Blocks within a cluster have different adresses, but same block ranks in different clusters have the same adress

This error comes from the lower-level CUTLASS code, and I believe it is likely a CUTLASS issue. The specific failing instruction is:

cp.async.bulk.tensor.2d.shared::cta.global.mbarrier::complete_tx::bytes.L2::cache_hint

You can see that there is special handling here for sm120, but my understanding is that this instruction should be supported on an RTX 5090. And the address I obtained during debugging matches the description in my question, and it doesn’t seem to be abnormal. So why does it cause an illegal instruction on this device?

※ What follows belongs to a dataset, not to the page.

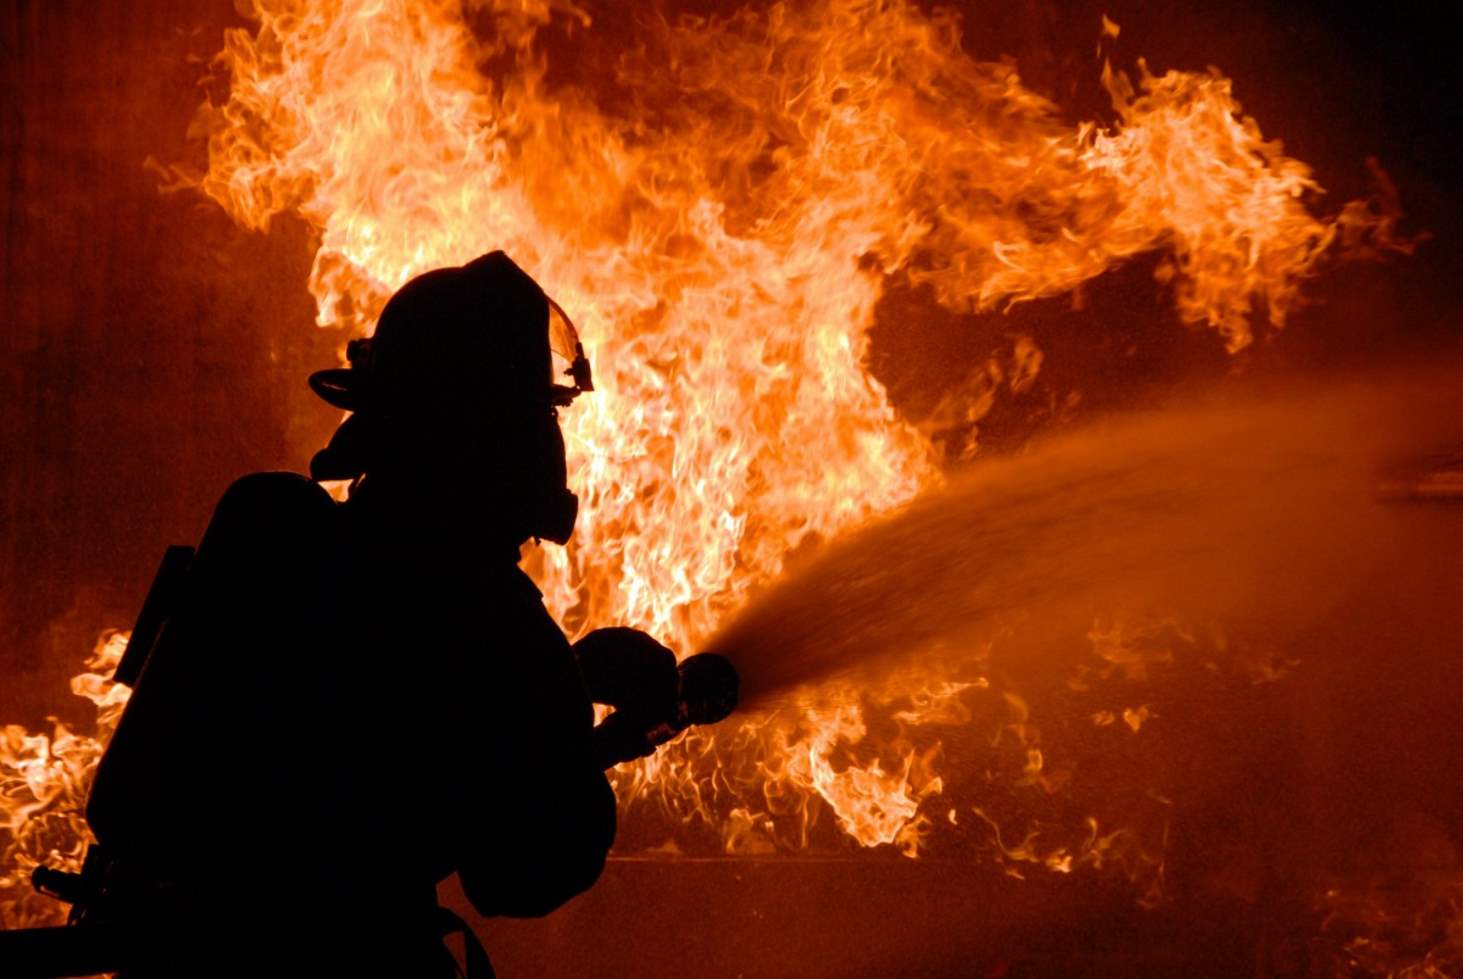 Как научить детей поведению при пожаре: тематический урок ОБЖ>
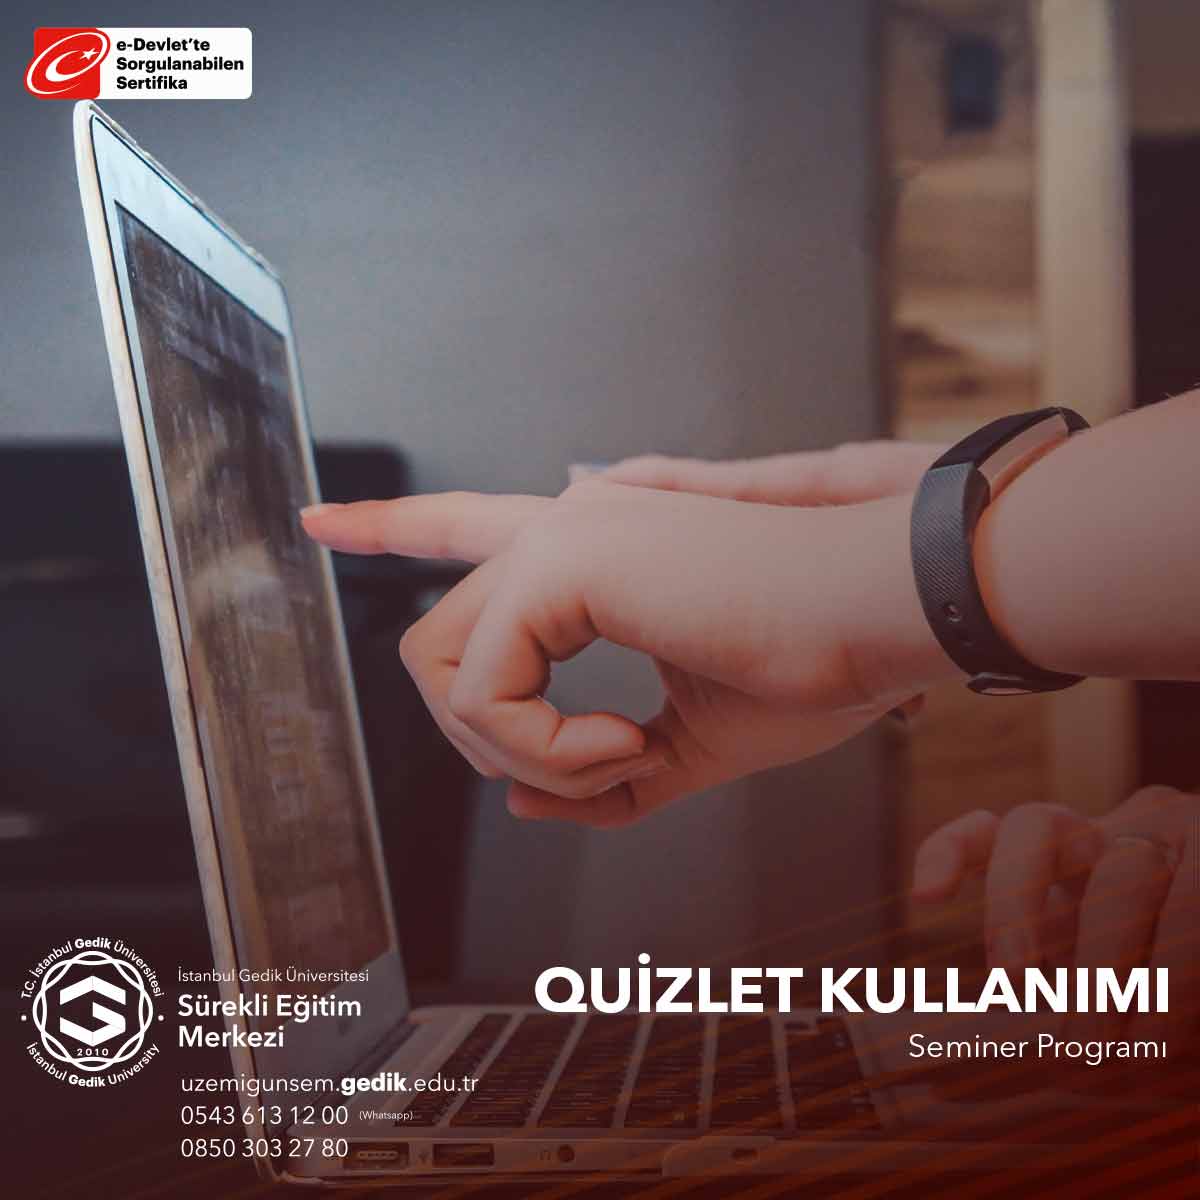 Quizlet Kullanımı Semineri, öğrencilere ve eğitimcilerine Quizlet platformunu etkili bir şekilde kullanarak öğrenme ve öğretme deneyimlerini zenginleştirmelerini öğrenmeleri için bir fırsat sunar.

#if defined(CUTE_ARCH_TMA_SM90_ENABLED)
    uint64_t gmem_int_desc = reinterpret_cast<uint64_t>(desc_ptr);
    uint32_t smem_int_mbar = cast_smem_ptr_to_uint(mbar_ptr);
    uint32_t smem_int_ptr  = cast_smem_ptr_to_uint(smem_ptr);
    cutlass::arch::synclog_emit_tma_load(__LINE__, gmem_int_desc, smem_int_mbar, smem_int_ptr);
#if defined(CUTE_ARCH_TMA_SM120_ENABLED)
    asm volatile (
      "cp.async.bulk.tensor.2d.shared::cta.global.mbarrier::complete_tx::bytes.L2::cache_hint"
      " [%0], [%1, {%3, %4}], [%2], %5;"
      :
      : "r"(smem_int_ptr), "l"(gmem_int_desc), "r"(smem_int_mbar),
        "r"(crd0), "r"(crd1), "l"(cache_hint)
      : "memory");
#else
    asm volatile (
      "cp.async.bulk.tensor.2d.shared::cluster.global.mbarrier::complete_tx::bytes.L2::cache_hint"
      " [%0], [%1, {%3, %4}], [%2], %5;"
      :
      : "r"(smem_int_ptr), "l"(gmem_int_desc), "r"(smem_int_mbar),
        "r"(crd0), "r"(crd1), "l"(cache_hint)
      : "memory");
#endif

If you have time and it’s convenient, I can provide my original CUTLASS code along with the setup and test files for you to examine. Thank you very much.

Thank you for the additional experiment. It really helps. So my address results seem like the combined result of multiple clusters?